(Dataset records)

▼

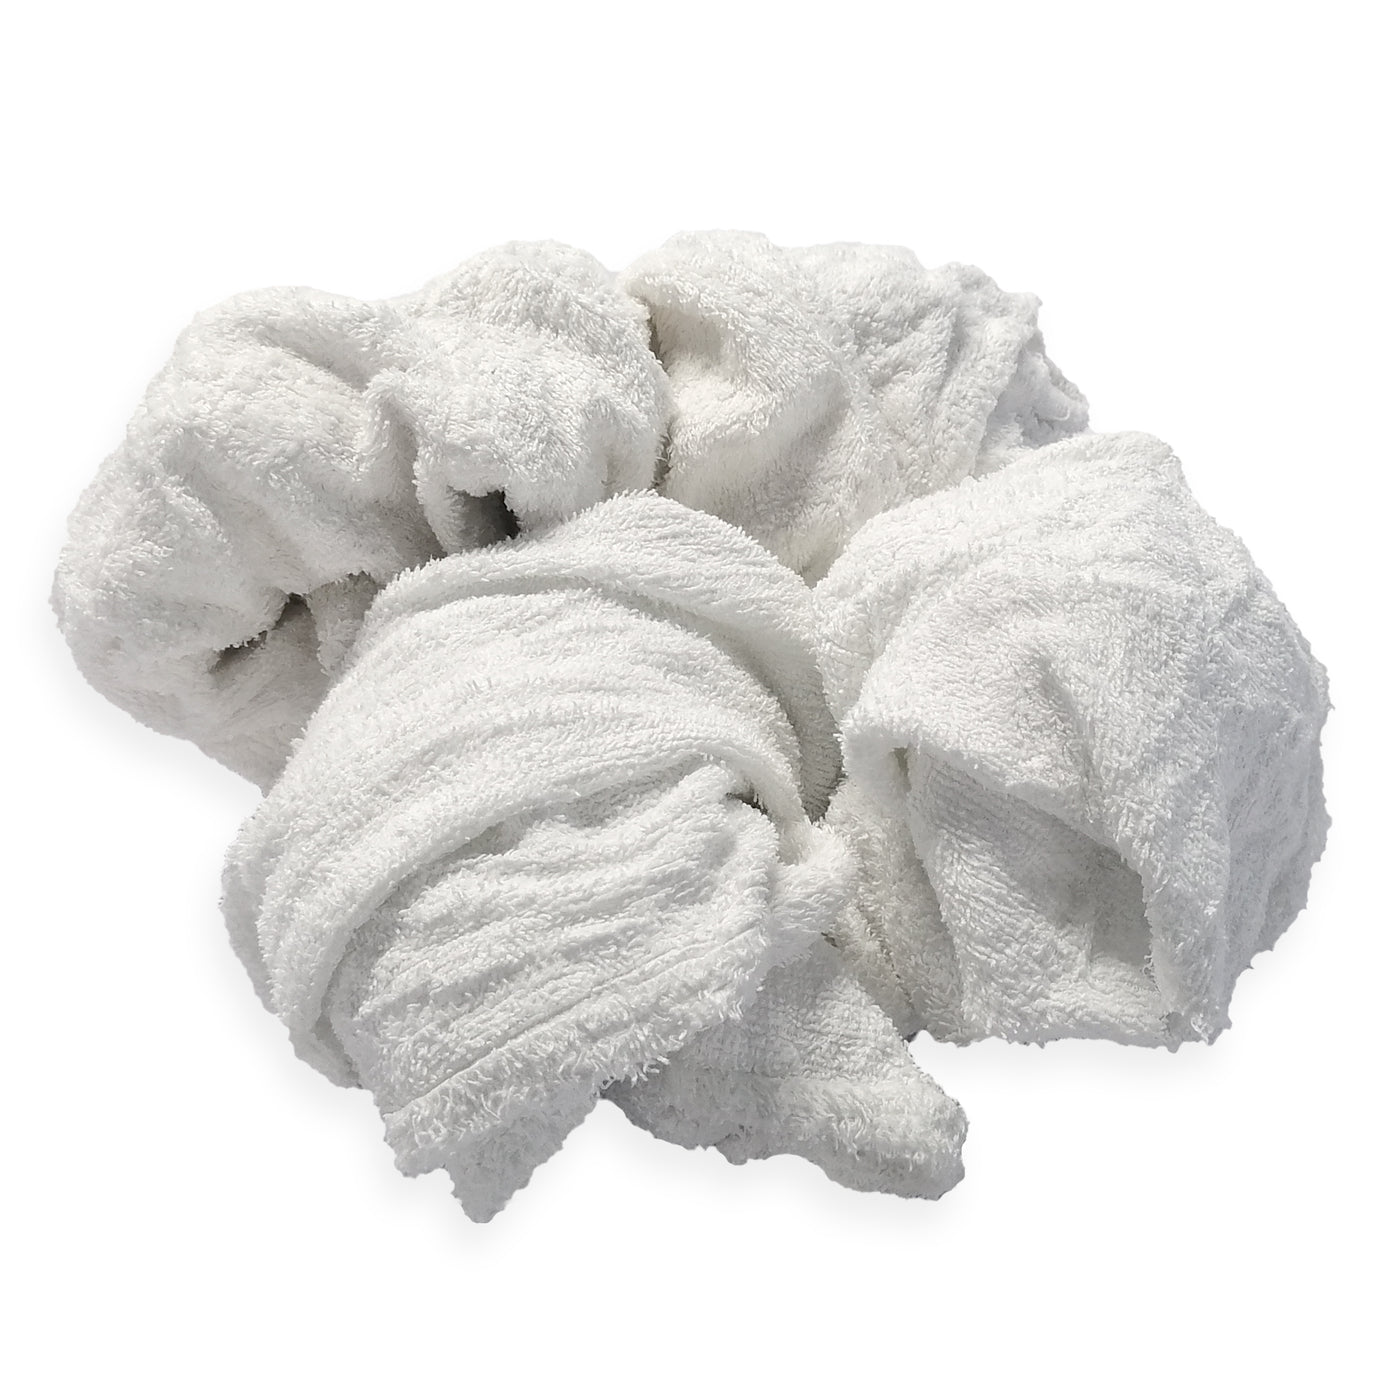 White Cotton Lint Free Rags, 25lb/Case
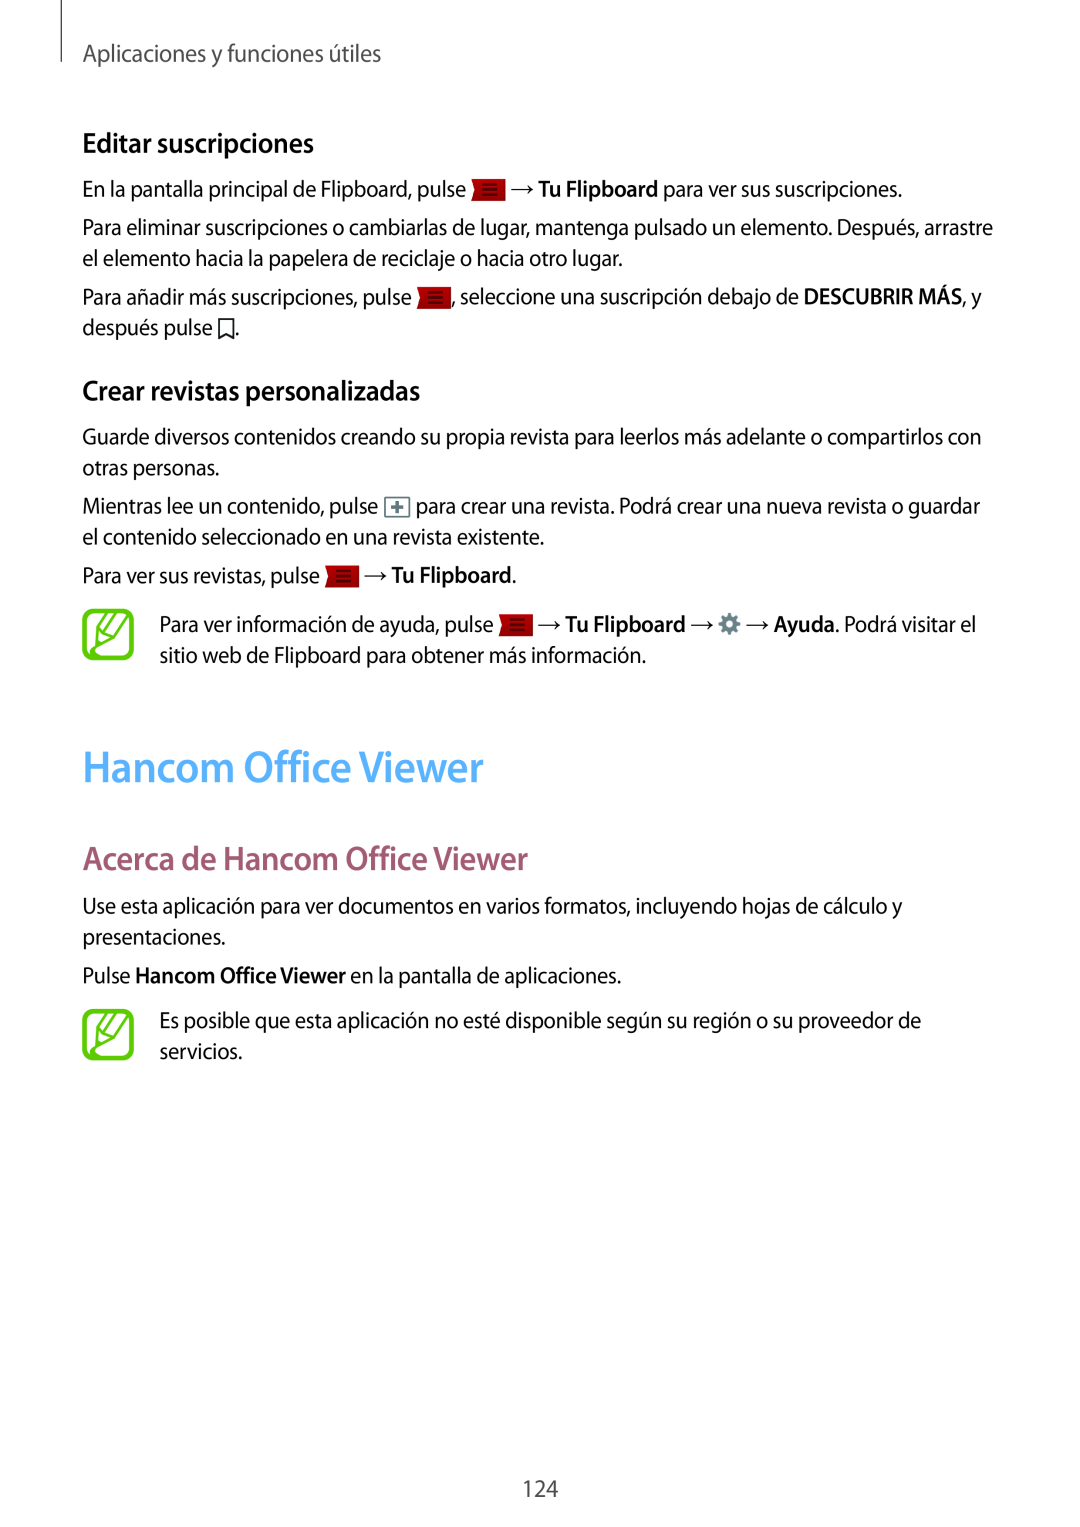 Samsung SM-T700NTSAPHE manual Acerca de Hancom Office Viewer, Editar suscripciones, Crear revistas personalizadas 
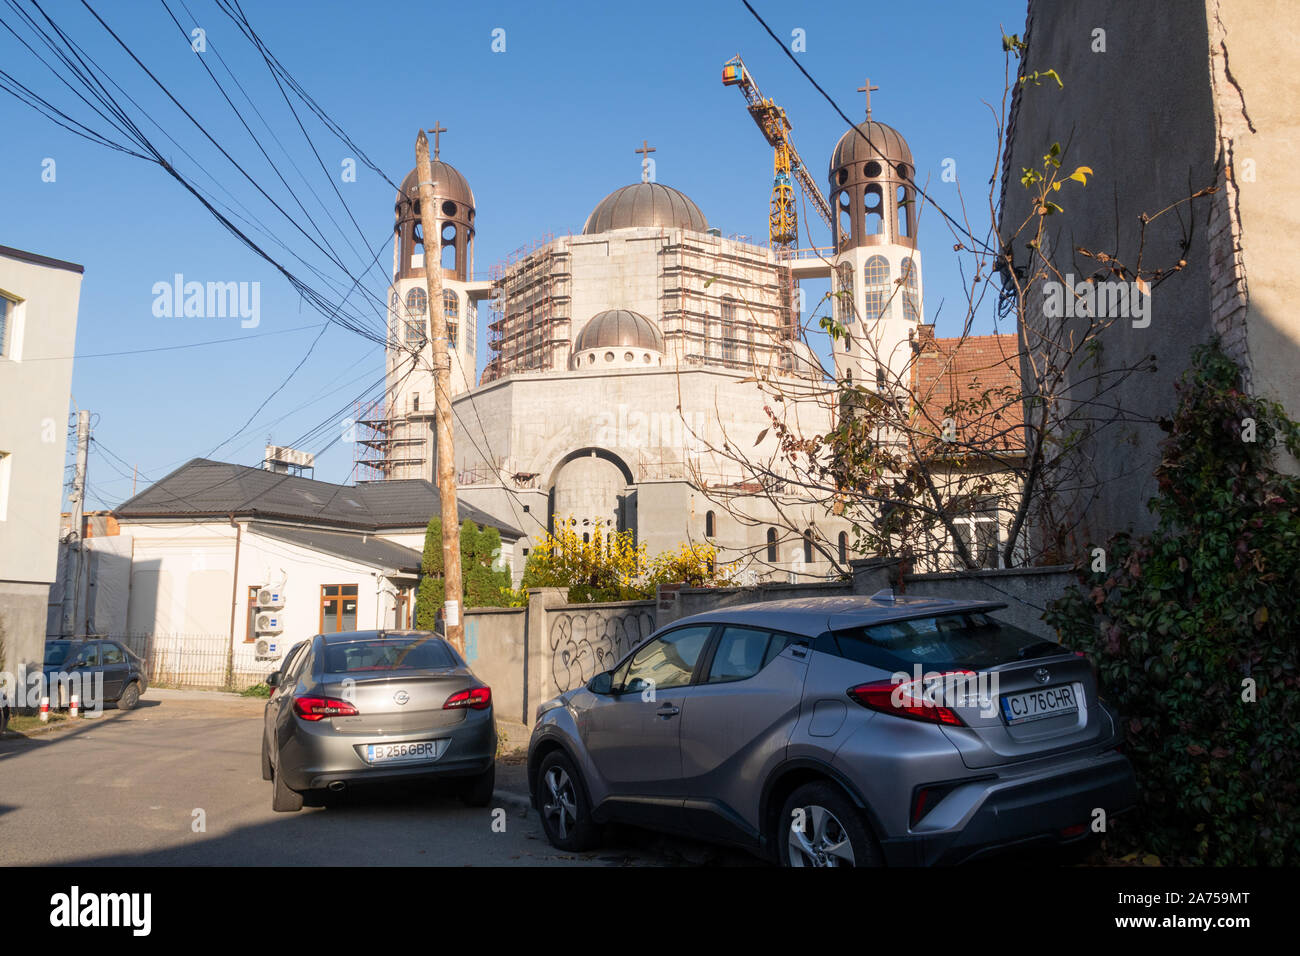 Cluj Napoca, Roumanie - 24 Oct, 2019 : une église orthodoxe traditionnelle en construction à Cluj Napoca, une des plus grandes villes de Transylvanie, Roumanie. Je Banque D'Images
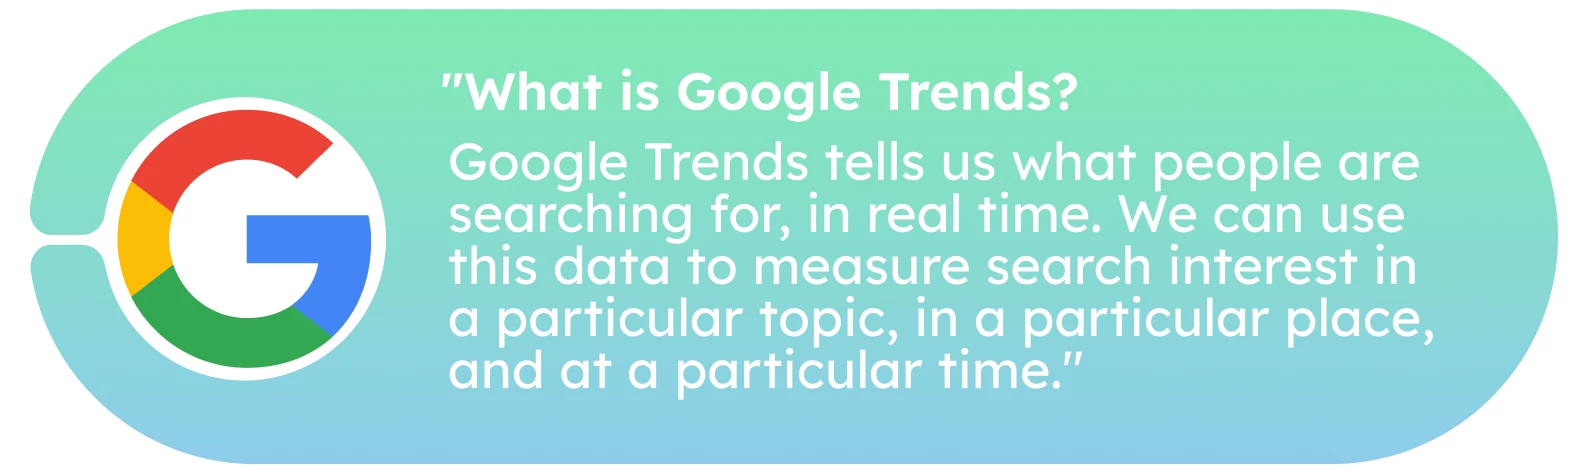 Conas Agus cén fáth Google Trends a úsáid
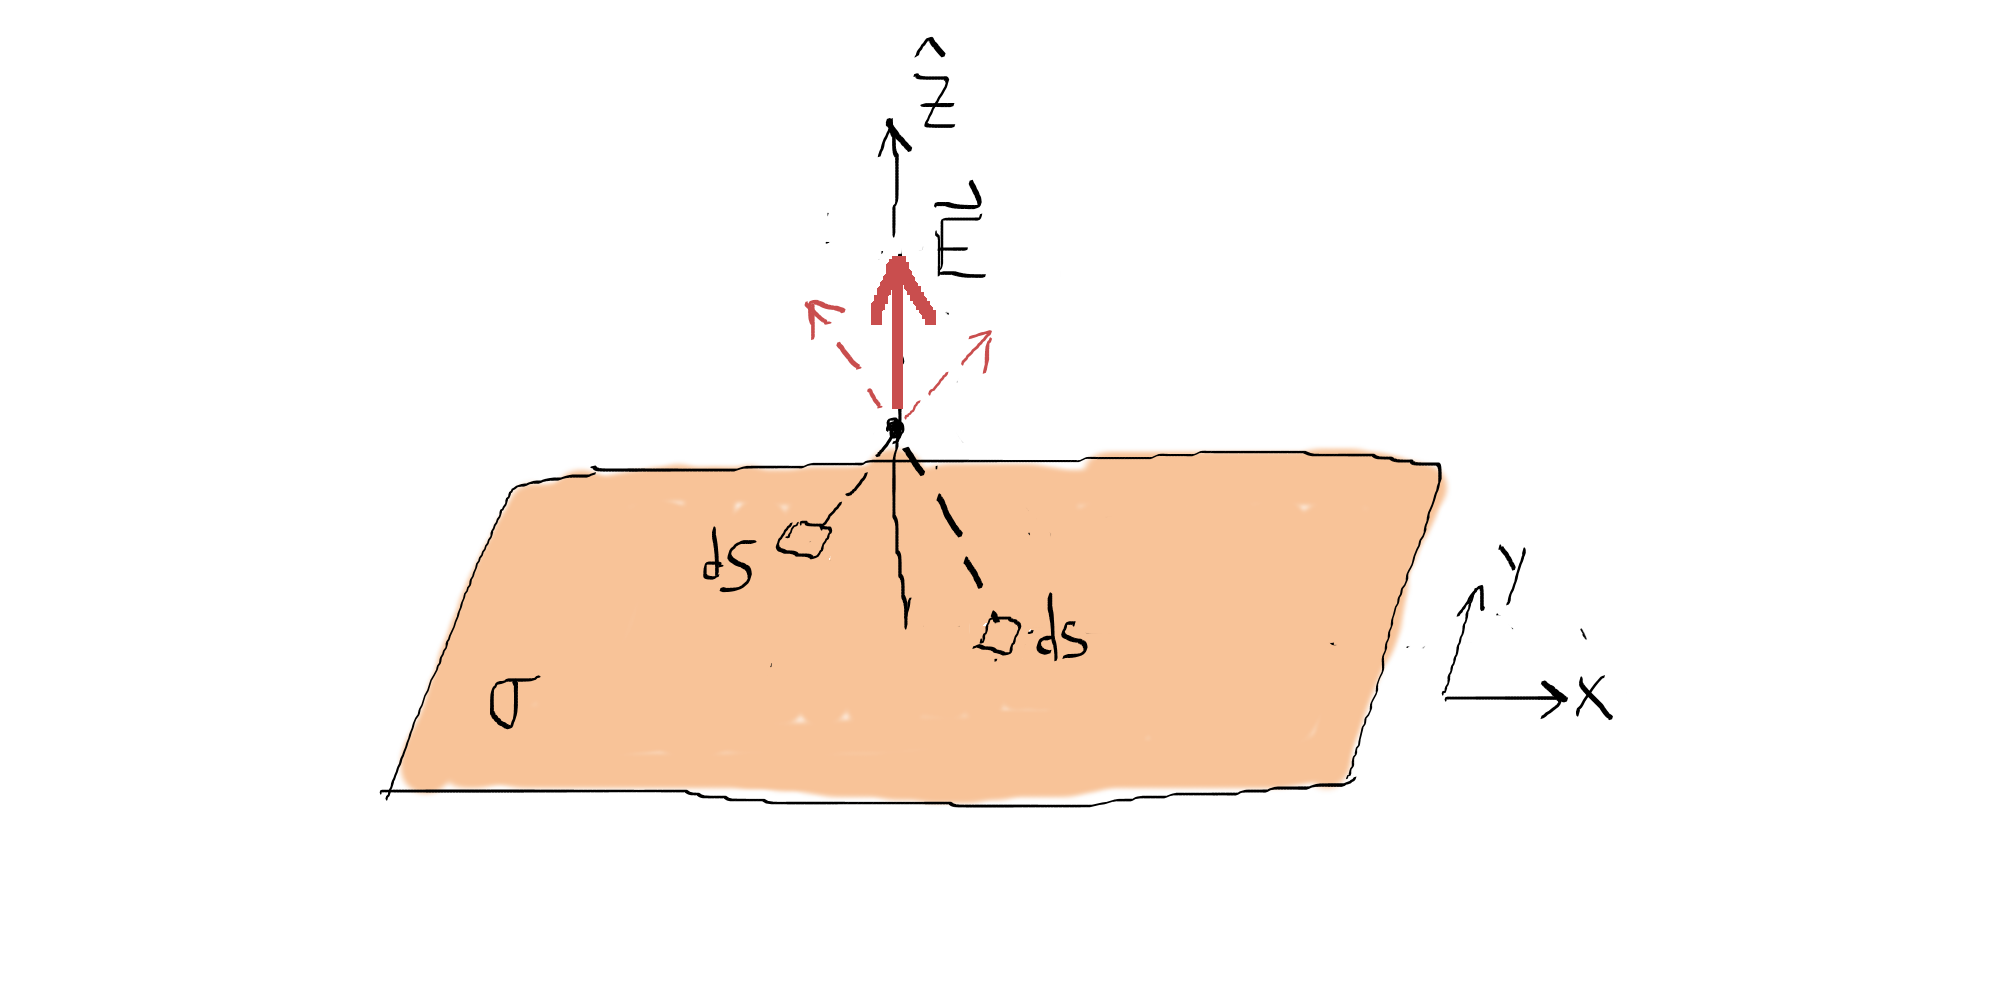 2.3 Ley de Gauss del campo electrostático (1835) 49 Ejemplo 2.4 Campo de un plano infinito de carga. Consideremos el plano infinito z = 0 con densidad superficial de carga uniforme σ > 0.

▲

Work required: Reproduce each line above exactly, but not a single picture.

Written reply:
 White Cotton Lint Free Rags, 25lb/Case
 Samsung SM-T700NTSAPHE manual Acerca de Hancom Office Viewer, Editar suscripciones, Crear revistas personalizadas 
 Cluj Napoca, Roumanie - 24 Oct, 2019 : une église orthodoxe traditionnelle en construction à Cluj Napoca, une des plus grandes villes de Transylvanie, Roumanie. Je Banque D'Images
 Conas Agus cén fáth Google Trends a úsáid
 2.3 Ley de Gauss del campo electrostático (1835) 49 Ejemplo 2.4 Campo de un plano infinito de carga. Consideremos el plano infinito z = 0 con densidad superficial de carga uniforme σ > 0.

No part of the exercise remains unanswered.